**** RECORDED INFORMATION ****

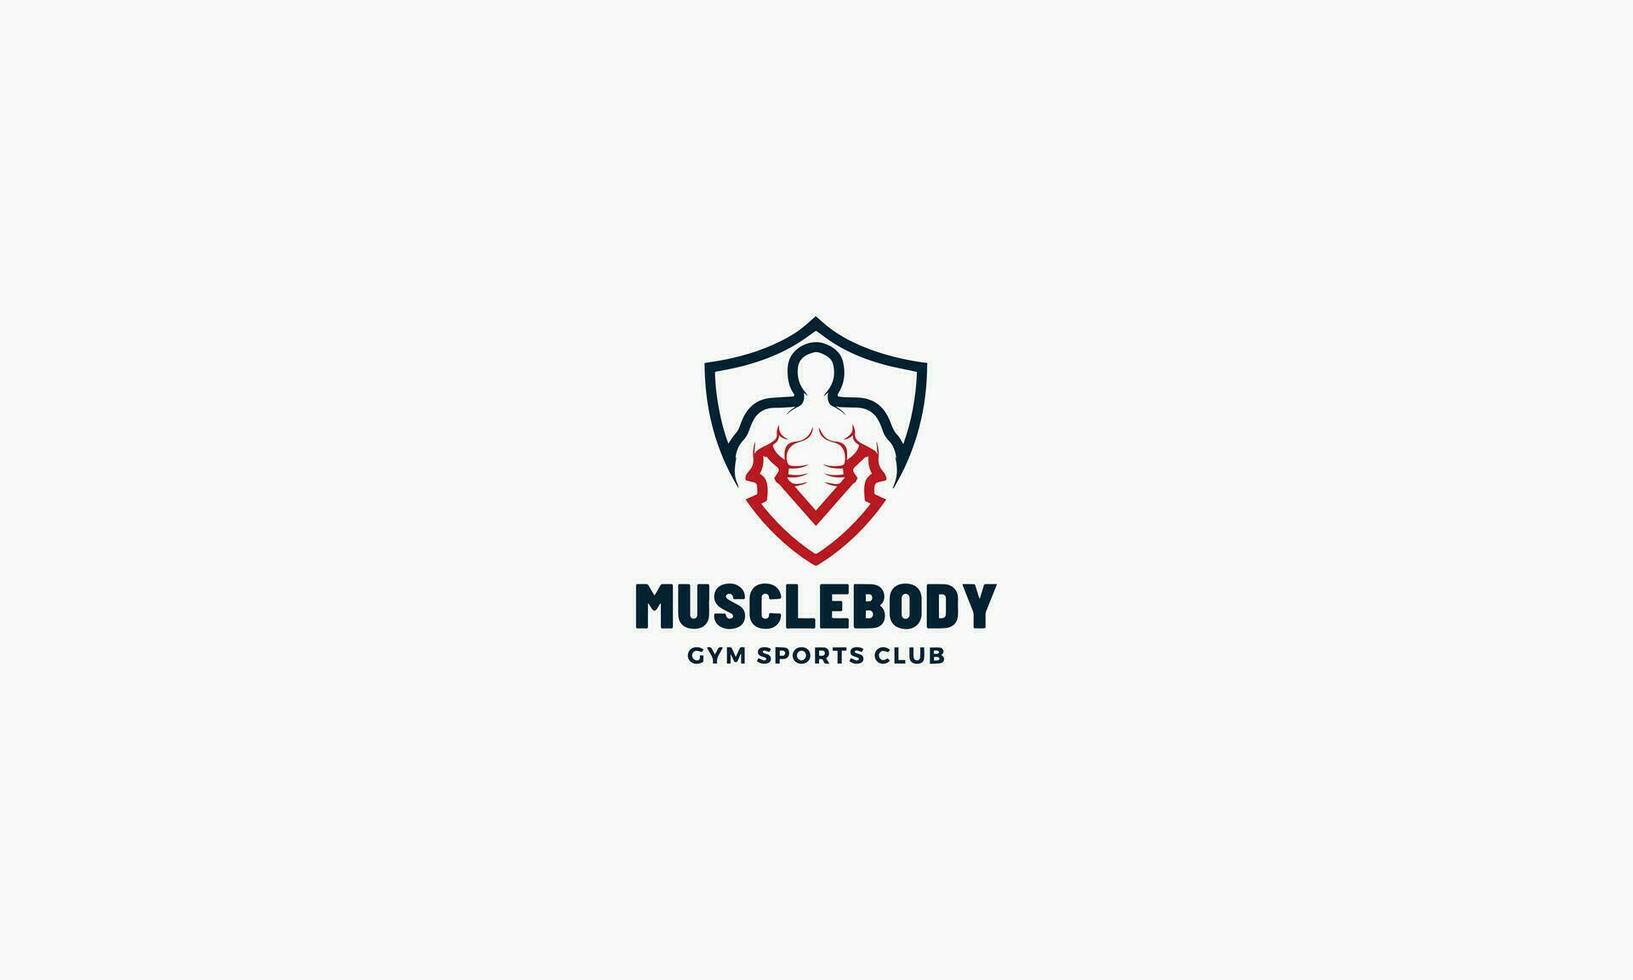 Gym bodybuilding kondition klubb logotyp design ikon vektor
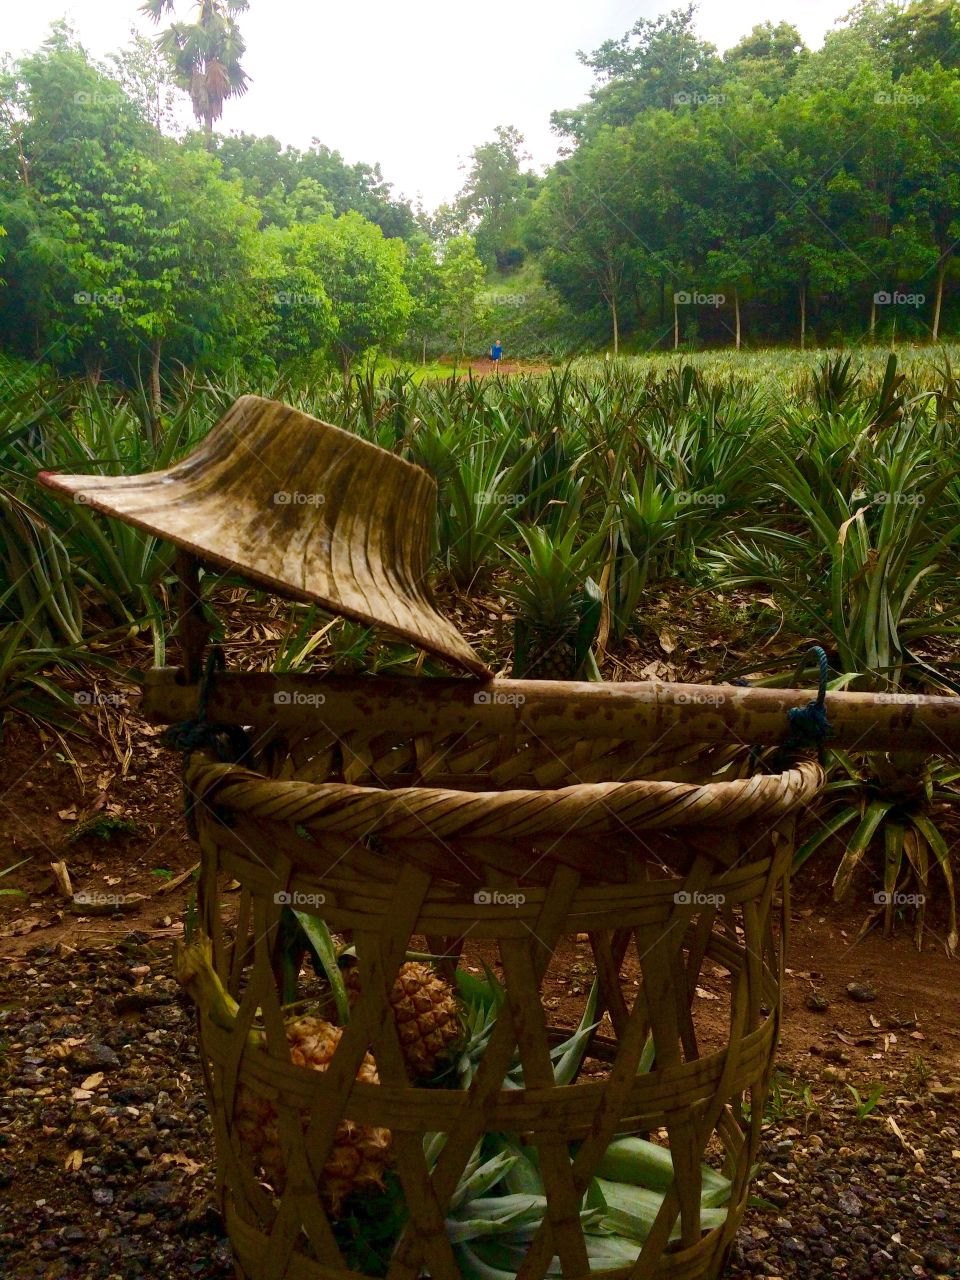 Picker’s Bamboo Hat, Basket, & Pole In A Pineapple Field In Thailand
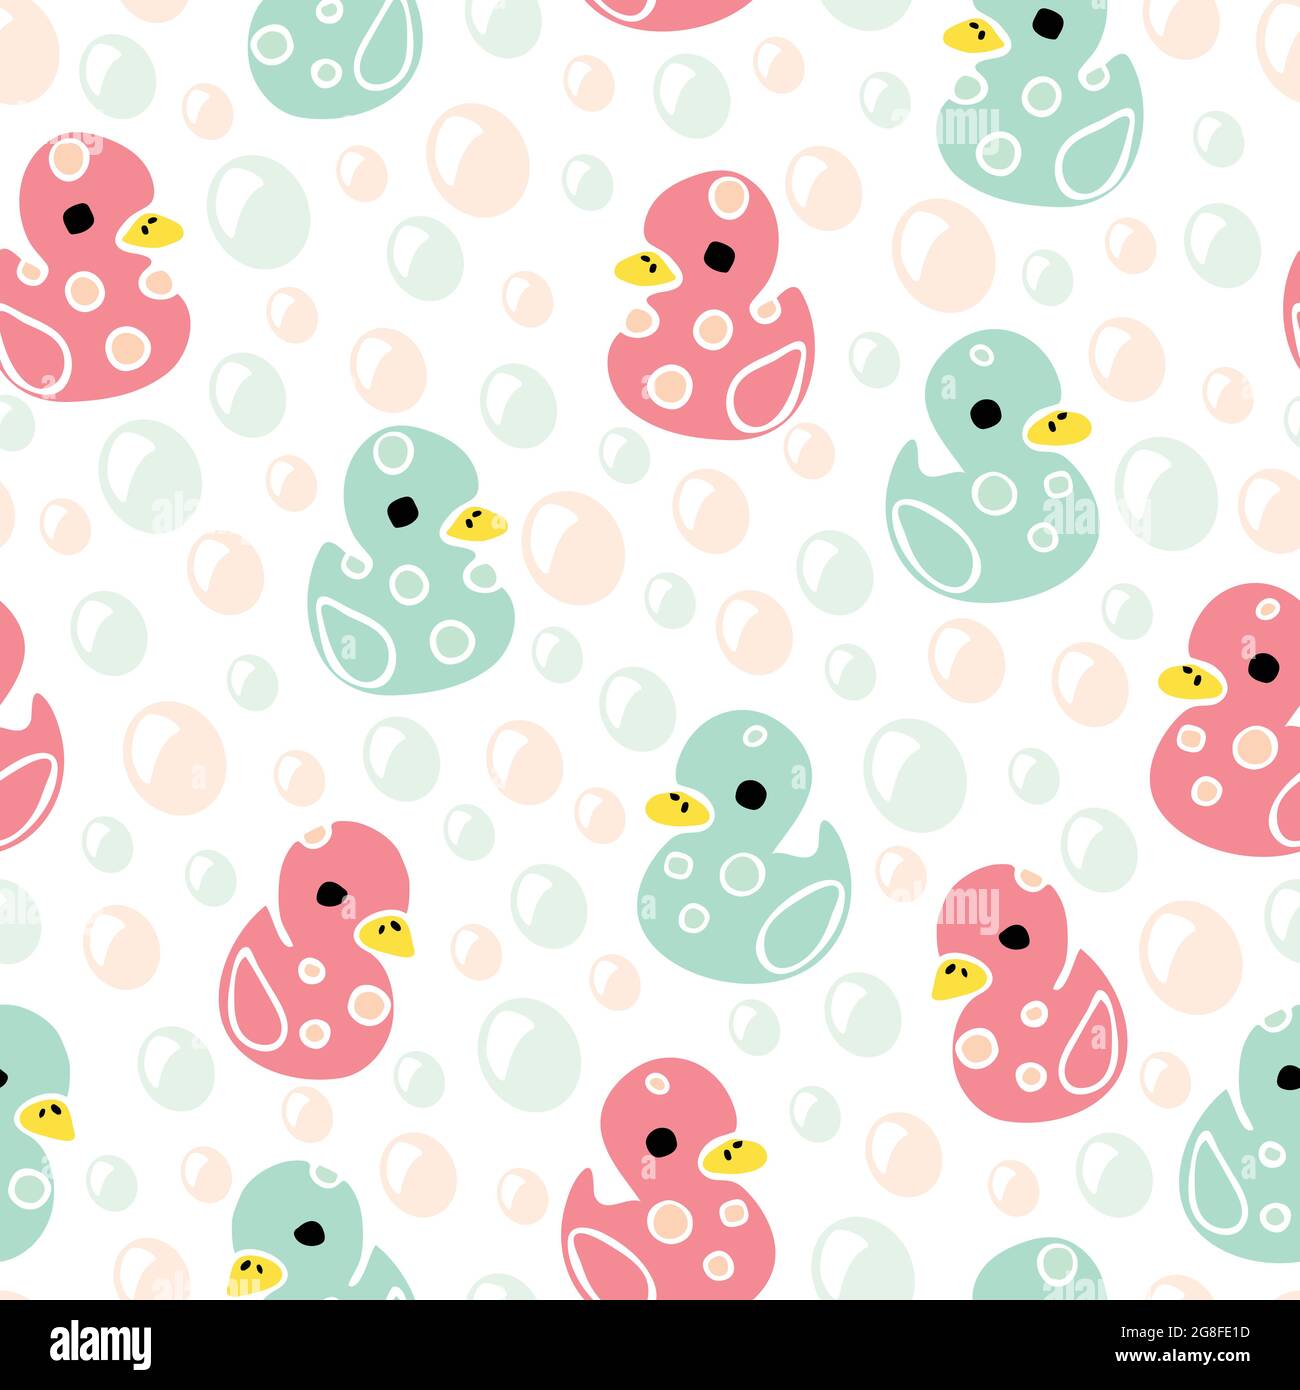 Premium Vector  Cute duck seamless pattern design illustration animal  background

****

**TASK PROMPT**:
Exactly as written, return each line above and leave the pictures behind.

**SOLUTION TO THIS PROBLEM**:
 Gym bodybuilding kondition klubb logotyp design ikon vektor
 Picker’s Bamboo Hat, Basket, & Pole In A Pineapple Field In Thailand
 Premium Vector  Cute duck seamless pattern design illustration animal  background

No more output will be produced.